Оказавшись в Борзе, Кошкин большую часть свободного от служебных обязанностей времени проводил в небольшой библиотеке части, изучал книги профессора Кара-Мурзы и брошюры разведуправления. Добродушный библиотекарь, молча, но с понимающим видом, принёс и выложил на стол карты Маньчжоу-Го: "Ознакомьтесь, товарищ младший лейтенант. Думаю, не помешает." Так прошли первые недели службы Кошкина. Лишь несколько раз его вызывали на допросы одних и тех же перебежчиков с той стороны. Поначалу Кошкин с трудом следил за быстрой и невнятной речью маньчжурских крестьян, боялся пропустить важное или вообще не понять сказанное, но хорошая теоретическая подготовка и небольшая, имеющаяся с института переводческая практика, оказали ему огромную услугу: молодой переводчик быстро вошёл в колею и почувствовал себя увереннее.

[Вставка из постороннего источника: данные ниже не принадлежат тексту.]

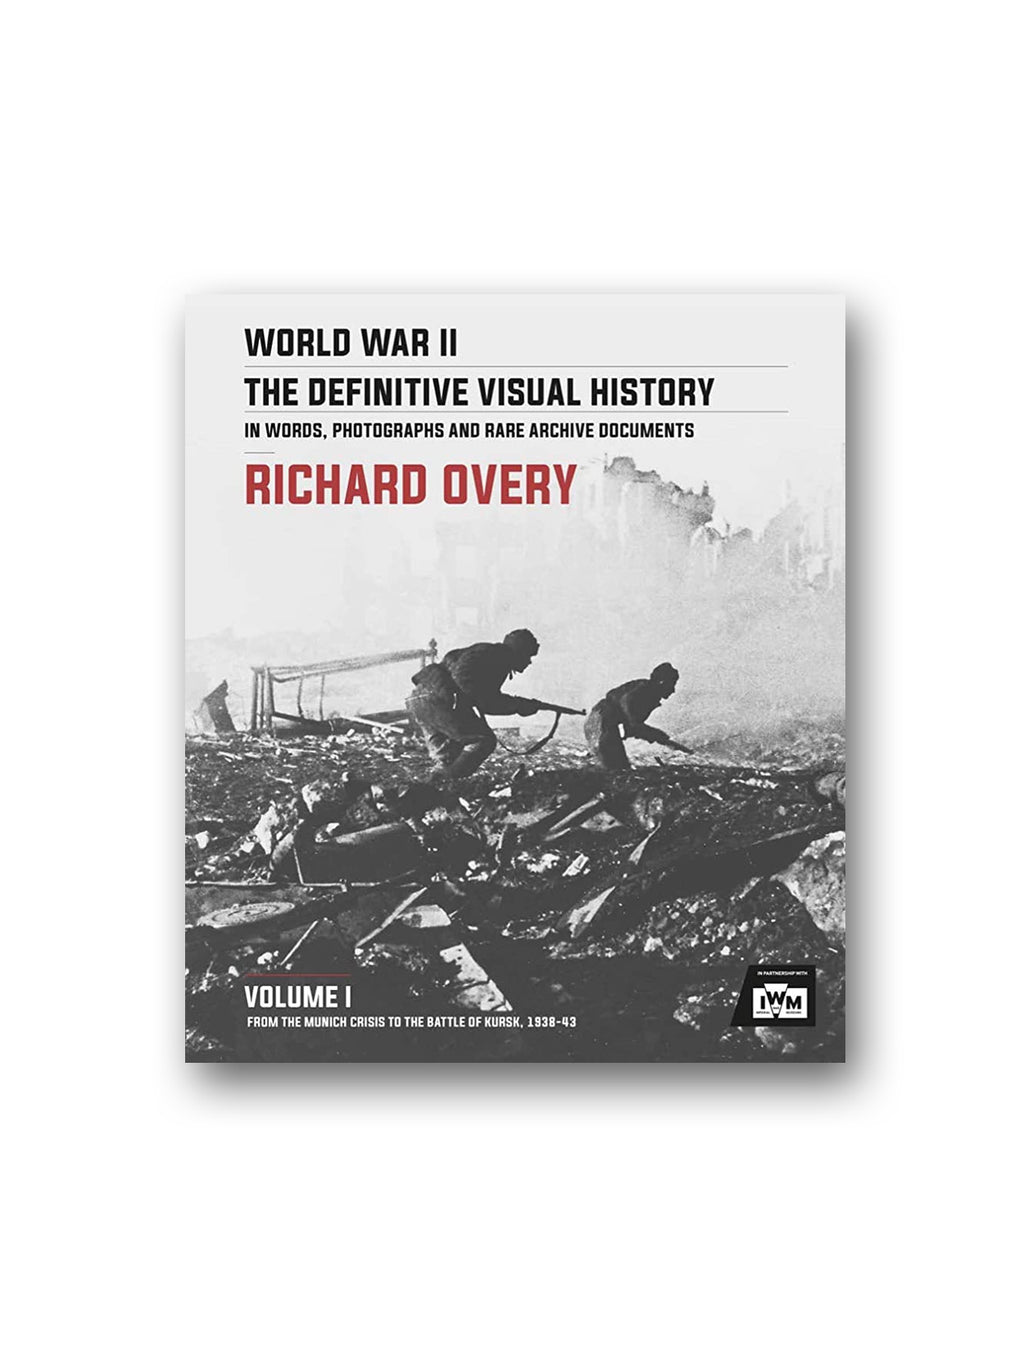 World War II: The Essential History, Volume 1 : From the Munich Crisis to the Battle of Kursk 1938-43
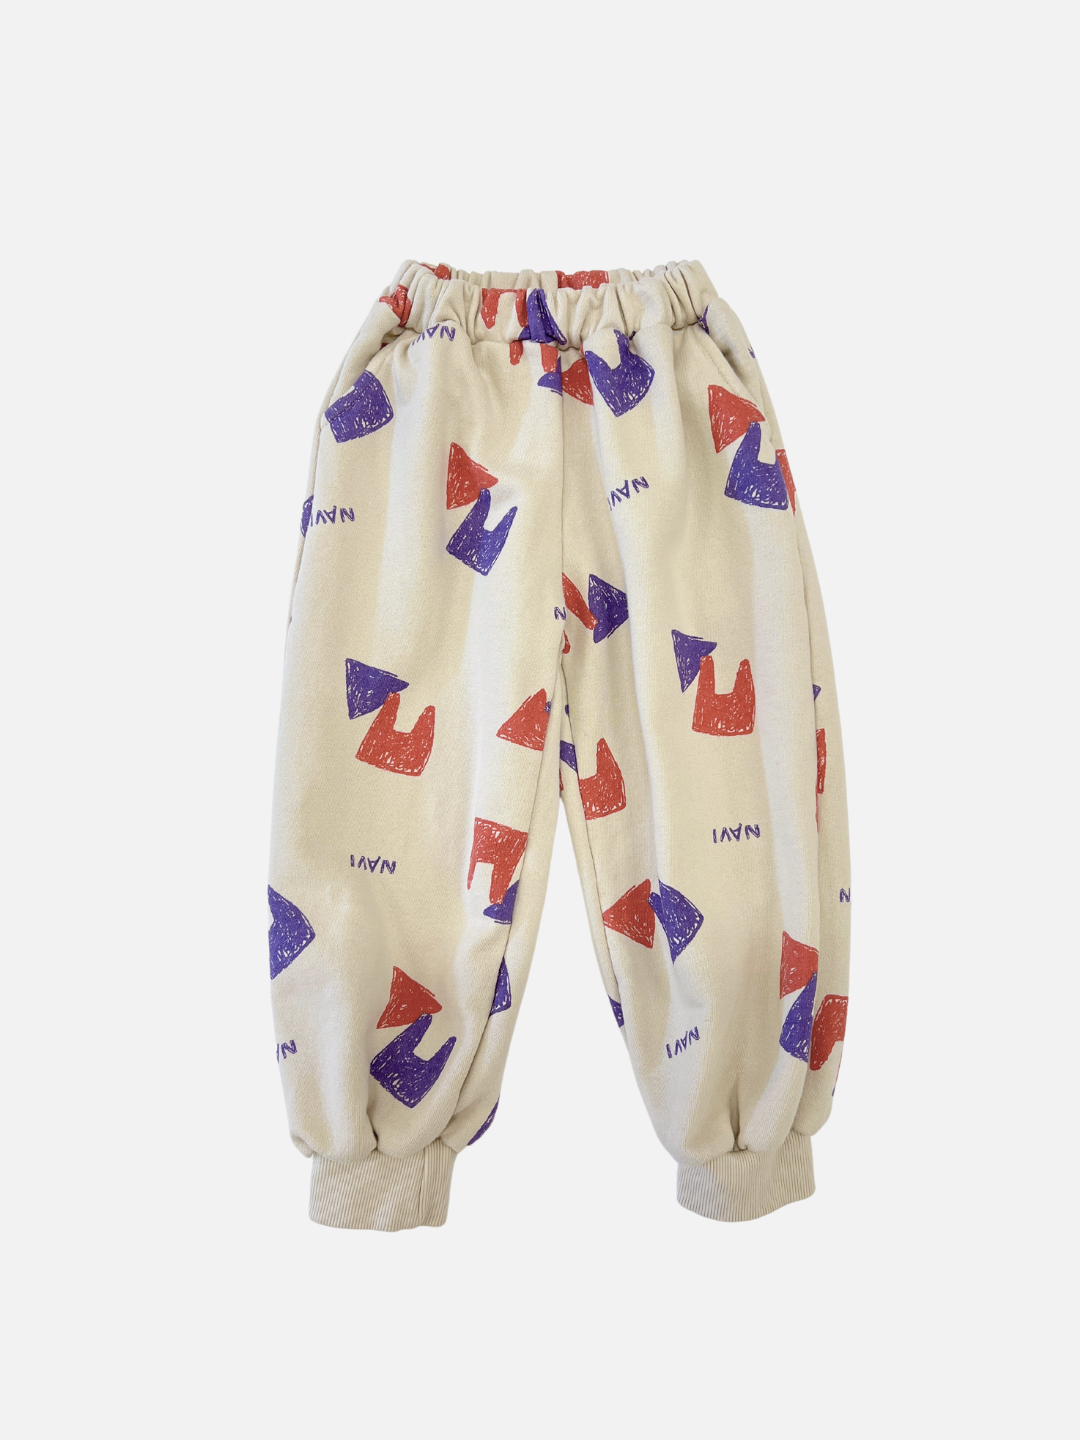 Oatmeal | Front view of kids beige sweatpants with an all over pattern of red and purple shapes and the brand name Navi.

"Да..., - часто думал он, - на фронте не удалось побывать. Хорошо, конечно, что войне конец, но всё-таки хотелось бы и мне врага побить. Но так, наверное, и придётся всю службу просидеть в штабе да переводить при допросах маньчжурских перебежчиков."
В начале августа Кошкина вызвали в штаб на беседу с генерал-майором Ковтун-Станкевичем.
- Поступаете, товарищ младший лейтенант, в распоряжение моего штаба. Мне Вас рекомендовали как хорошего специалиста в своей области. Готовьтесь, скоро выступаем на границу с Маньчжоу-Го, - сказал ему генерал-майор, коренастый, невысокого роста украинец. - Думаю - сработаемся. Кстати, как Вас по батюшке? Ага, Алексей Тихонович, значит. Нас ждут большие дела, Алексей Тихонович. Война еще, к сожалению, не окончена. Враг, вон он, рядом: сто пятьдесят км от нас, за Отпором и Старым-Цурухайтуем.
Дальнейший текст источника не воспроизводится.